### Records to process ###
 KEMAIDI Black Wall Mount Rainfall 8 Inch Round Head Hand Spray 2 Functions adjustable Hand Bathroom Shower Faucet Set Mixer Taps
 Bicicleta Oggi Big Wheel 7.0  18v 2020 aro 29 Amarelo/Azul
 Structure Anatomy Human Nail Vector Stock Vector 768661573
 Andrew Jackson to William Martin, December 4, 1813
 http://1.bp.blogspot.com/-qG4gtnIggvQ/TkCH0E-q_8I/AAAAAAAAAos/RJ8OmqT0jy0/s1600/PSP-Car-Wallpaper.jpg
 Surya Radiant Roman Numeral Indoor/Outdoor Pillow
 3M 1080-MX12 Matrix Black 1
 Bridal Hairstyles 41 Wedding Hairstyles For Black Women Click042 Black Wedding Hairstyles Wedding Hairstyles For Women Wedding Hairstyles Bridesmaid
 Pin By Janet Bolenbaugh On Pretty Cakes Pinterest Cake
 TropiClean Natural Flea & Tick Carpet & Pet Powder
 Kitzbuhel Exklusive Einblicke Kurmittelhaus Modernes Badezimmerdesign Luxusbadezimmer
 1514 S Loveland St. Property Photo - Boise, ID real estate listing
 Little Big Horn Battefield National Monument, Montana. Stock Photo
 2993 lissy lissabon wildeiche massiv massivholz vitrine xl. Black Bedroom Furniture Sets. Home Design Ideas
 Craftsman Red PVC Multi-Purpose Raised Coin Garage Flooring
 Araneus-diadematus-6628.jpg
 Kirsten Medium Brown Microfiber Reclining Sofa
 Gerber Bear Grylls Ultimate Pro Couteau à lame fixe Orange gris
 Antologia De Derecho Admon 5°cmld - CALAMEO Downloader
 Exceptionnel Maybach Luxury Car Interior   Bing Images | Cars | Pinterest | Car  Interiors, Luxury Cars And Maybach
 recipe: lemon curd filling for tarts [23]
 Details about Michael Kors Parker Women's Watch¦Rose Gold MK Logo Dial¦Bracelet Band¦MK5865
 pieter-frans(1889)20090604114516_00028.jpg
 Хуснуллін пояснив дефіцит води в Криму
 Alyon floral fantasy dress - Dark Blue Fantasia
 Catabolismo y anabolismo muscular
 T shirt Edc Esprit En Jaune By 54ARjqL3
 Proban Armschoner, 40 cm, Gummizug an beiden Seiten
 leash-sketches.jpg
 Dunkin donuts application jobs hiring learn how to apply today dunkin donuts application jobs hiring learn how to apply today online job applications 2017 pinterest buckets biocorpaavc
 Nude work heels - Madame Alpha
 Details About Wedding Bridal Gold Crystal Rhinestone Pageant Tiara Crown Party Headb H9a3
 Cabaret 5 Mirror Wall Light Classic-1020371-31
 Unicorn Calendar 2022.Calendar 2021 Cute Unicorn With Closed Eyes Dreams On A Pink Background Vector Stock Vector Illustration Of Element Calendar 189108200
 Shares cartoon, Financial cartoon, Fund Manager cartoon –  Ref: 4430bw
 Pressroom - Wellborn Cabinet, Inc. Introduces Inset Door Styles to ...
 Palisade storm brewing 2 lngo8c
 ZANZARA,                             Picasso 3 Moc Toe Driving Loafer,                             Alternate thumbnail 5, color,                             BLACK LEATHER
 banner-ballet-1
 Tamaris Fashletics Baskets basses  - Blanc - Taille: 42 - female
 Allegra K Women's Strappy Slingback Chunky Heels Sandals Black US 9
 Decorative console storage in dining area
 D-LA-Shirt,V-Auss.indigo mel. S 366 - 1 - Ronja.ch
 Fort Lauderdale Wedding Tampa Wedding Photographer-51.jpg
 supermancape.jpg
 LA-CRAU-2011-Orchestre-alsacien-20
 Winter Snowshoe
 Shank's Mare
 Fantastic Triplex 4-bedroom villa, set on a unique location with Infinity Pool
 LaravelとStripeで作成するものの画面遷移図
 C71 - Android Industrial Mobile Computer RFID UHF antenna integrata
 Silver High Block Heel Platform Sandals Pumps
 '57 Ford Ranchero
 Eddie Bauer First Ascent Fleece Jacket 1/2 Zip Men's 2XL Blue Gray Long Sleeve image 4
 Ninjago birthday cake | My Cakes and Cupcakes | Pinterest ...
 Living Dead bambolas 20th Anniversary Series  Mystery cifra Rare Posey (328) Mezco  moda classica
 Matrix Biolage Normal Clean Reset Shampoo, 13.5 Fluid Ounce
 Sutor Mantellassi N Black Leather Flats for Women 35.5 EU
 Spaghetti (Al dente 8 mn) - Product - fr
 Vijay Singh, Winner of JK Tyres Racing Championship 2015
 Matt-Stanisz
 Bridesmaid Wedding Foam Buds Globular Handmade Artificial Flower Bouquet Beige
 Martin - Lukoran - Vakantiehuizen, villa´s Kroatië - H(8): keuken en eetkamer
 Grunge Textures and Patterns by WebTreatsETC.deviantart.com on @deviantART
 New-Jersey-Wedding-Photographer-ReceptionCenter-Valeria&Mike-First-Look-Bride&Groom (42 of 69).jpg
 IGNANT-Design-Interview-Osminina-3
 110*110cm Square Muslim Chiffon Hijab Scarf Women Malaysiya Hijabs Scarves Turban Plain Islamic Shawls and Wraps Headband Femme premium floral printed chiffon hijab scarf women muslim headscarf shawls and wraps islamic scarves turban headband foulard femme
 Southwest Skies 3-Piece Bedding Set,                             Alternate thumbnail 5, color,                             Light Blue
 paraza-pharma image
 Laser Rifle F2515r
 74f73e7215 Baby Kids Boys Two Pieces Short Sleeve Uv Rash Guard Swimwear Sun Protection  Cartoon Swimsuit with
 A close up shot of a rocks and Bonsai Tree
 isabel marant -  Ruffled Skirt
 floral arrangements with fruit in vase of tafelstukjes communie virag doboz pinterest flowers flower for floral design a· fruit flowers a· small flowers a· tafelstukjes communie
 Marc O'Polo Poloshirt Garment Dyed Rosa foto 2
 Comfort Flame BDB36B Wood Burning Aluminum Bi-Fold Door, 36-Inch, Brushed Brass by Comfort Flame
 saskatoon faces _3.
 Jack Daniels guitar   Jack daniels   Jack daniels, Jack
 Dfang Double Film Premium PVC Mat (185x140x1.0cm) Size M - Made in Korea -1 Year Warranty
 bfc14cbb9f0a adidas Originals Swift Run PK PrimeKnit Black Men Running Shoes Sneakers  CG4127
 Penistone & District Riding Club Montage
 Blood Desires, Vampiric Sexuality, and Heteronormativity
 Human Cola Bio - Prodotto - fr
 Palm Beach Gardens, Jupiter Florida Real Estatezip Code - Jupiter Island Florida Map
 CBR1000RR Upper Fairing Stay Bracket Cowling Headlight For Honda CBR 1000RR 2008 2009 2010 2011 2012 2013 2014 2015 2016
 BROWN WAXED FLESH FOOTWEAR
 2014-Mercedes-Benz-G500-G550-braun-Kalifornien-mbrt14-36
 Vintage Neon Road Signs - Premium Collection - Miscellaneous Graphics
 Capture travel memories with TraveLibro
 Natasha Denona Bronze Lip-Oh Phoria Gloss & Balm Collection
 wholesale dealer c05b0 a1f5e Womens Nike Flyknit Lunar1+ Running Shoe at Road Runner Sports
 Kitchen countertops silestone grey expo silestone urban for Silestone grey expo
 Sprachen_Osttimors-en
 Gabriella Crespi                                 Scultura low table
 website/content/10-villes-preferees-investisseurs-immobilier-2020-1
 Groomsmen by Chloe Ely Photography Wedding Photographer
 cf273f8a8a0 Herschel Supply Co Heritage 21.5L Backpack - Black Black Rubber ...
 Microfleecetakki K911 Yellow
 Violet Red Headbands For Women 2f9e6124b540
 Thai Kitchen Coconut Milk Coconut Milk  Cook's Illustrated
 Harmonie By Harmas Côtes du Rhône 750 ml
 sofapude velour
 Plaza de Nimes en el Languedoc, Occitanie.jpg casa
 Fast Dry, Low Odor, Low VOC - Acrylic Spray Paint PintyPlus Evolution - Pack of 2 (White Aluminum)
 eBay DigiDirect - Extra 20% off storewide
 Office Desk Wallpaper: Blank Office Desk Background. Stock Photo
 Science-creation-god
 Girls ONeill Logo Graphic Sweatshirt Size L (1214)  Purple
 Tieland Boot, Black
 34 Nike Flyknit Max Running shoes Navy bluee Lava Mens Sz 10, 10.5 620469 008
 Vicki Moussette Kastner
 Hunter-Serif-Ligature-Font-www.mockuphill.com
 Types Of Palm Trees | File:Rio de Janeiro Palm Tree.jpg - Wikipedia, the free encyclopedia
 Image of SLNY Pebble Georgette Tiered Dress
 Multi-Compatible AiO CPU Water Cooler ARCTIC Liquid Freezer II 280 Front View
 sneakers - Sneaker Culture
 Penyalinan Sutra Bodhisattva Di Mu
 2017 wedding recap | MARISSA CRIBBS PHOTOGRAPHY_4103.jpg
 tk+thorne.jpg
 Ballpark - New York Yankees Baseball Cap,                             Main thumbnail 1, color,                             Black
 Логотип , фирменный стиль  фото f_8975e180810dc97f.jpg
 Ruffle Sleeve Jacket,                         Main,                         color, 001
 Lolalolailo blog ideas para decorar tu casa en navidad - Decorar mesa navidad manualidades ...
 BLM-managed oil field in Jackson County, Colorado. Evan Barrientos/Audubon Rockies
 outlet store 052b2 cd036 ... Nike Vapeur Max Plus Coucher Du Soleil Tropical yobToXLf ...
###
> The problem: Copy the entries word for word. Start at the first line and end with the line containing "Little Big Horn".

> Answer to the problem:
 KEMAIDI Black Wall Mount Rainfall 8 Inch Round Head Hand Spray 2 Functions adjustable Hand Bathroom Shower Faucet Set Mixer Taps
 Bicicleta Oggi Big Wheel 7.0  18v 2020 aro 29 Amarelo/Azul
 Structure Anatomy Human Nail Vector Stock Vector 768661573
 Andrew Jackson to William Martin, December 4, 1813
 http://1.bp.blogspot.com/-qG4gtnIggvQ/TkCH0E-q_8I/AAAAAAAAAos/RJ8OmqT0jy0/s1600/PSP-Car-Wallpaper.jpg
 Surya Radiant Roman Numeral Indoor/Outdoor Pillow
 3M 1080-MX12 Matrix Black 1
 Bridal Hairstyles 41 Wedding Hairstyles For Black Women Click042 Black Wedding Hairstyles Wedding Hairstyles For Women Wedding Hairstyles Bridesmaid
 Pin By Janet Bolenbaugh On Pretty Cakes Pinterest Cake
 TropiClean Natural Flea & Tick Carpet & Pet Powder
 Kitzbuhel Exklusive Einblicke Kurmittelhaus Modernes Badezimmerdesign Luxusbadezimmer
 1514 S Loveland St. Property Photo - Boise, ID real estate listing
 Little Big Horn Battefield National Monument, Montana. Stock Photo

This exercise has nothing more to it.